Concept work began almost right away, and soon the Sand In Your Eye team had a clear design and idea of how to recreate it on one of the prestigious courts of Wimbledon. 

The team were granted 2 days access  into Wimbledon to install, photograph and uninstall the artwork making sure to leave no trace of us ever being there. Understanding the complexities of creating such a detailed design Jamie planned to complete a lot of preparation work here at the studio so that we could stick to the timeframe we’d been given. 


The week before instillation Emma, Peter, Jonathan, Mark, Jamie and Jocasta spent 3 grueling days on a field here in Yorkshire meticulously marking out and completing the first cuts needed to create the mosaic on the day in Wimbledon. 


Instillation day as Tuesday 4th June, so the team went down the day before. Jamie in the van and Emma, Jonathan, Jocasta and Amy in the car. We were already off on the back foot when we (the team in the car) discovered we had no idea how to get the Tesla started!! 20 minutes of YouTube tutorials on ‘The Basics of Starting Your Car’, the whole team were on the road!

The following morning we were fresh and ready to get started. We arrived on site at 8:15 and after a little hiccup at security, we were all signed in and unloaded by 9:30 ready to get started. 

Along with WaterAid and the Wimbledon Foundation the team took over one of Wimbledon’s grass tennis courts next to the iconic Centre Court at The All England Lawn Tennis Club, to create the giant mosaic. The image is of a young boy and his mother enjoying clean water and is created entirely from tennis nets, balls and rackets.

The team from Sand in Your Eye spent 9 nine hours on day one laying the nets, rackets and balls, to bring the portrait to life. The image features 18-month-old Dylan and his mother Anja, 23, from Madagascar who, with the help of WaterAid and the Wimbledon Foundation, now have clean water** in their community.   

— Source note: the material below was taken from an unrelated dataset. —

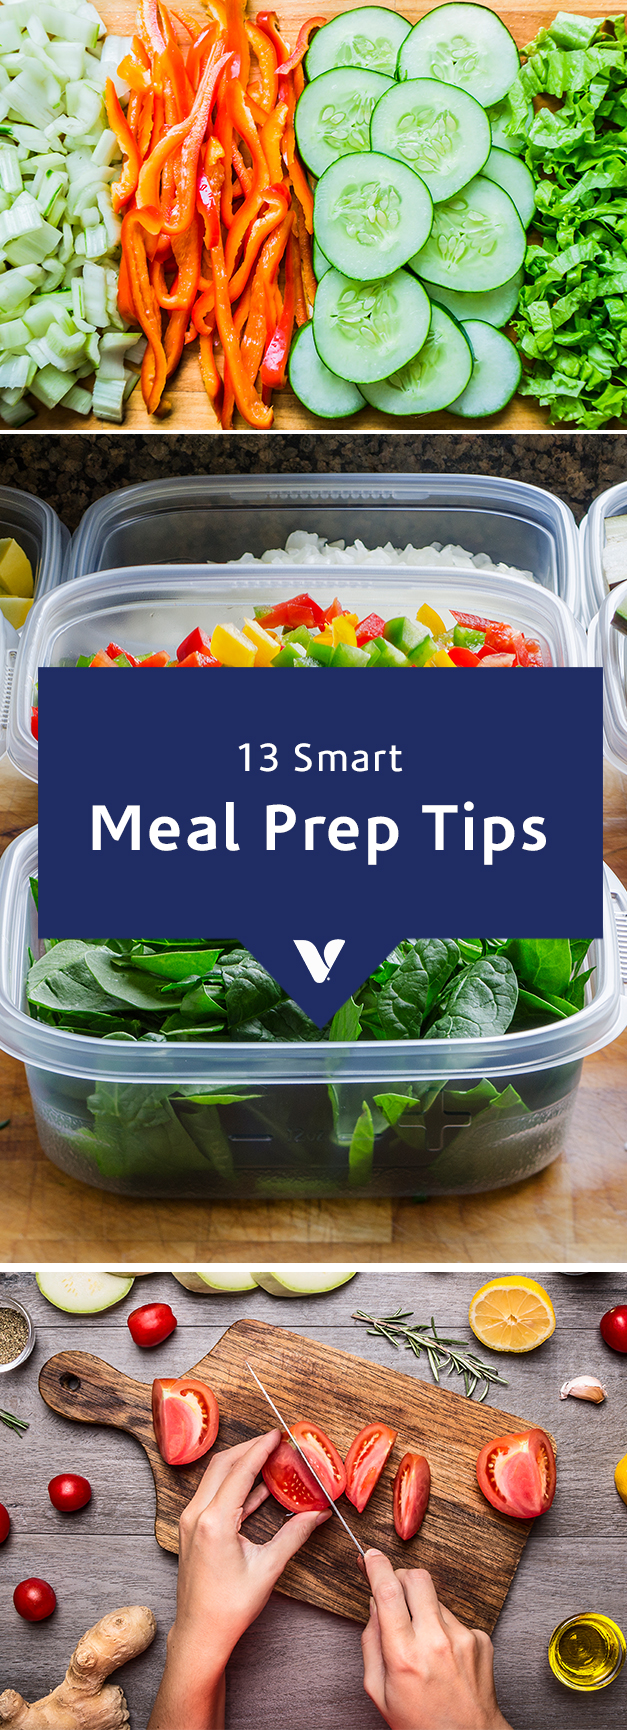 meal-prep-tips

On Day two with Emma and Jonathan back on the road home, Jocasta Jamie and Amy spent the morning working on some finishing adjustments as well as taking those all important press shots, before we and the WaterAid team uninstalled the artwork and then all set off back home.

The tennis balls were donated by Slazenger, Official Ball of The Championships, and the nets  by Edwards Sports, supplier of the world’s finest nets used at The Championships. The rackets were loaned by Give It Your Max, a children’s tennis charity whose ongoing sustainability campaign, ‘Unloved & Unwanted’, collects preloved tennis rackets and redistributes them to children in their school programmes, with the surplus sold on their website and the proceeds going back to the charity.


The tennis nets and balls will be donated to local charities supported by the Wimbledon Foundation, including the Tim Henman Foundation and Tennis For Free. A number of tennis nets will also go to the Wandsworth Work and Play Scrapstore, a charity which reuses resources for educational, artistic, play, create, social or therapeutic activities.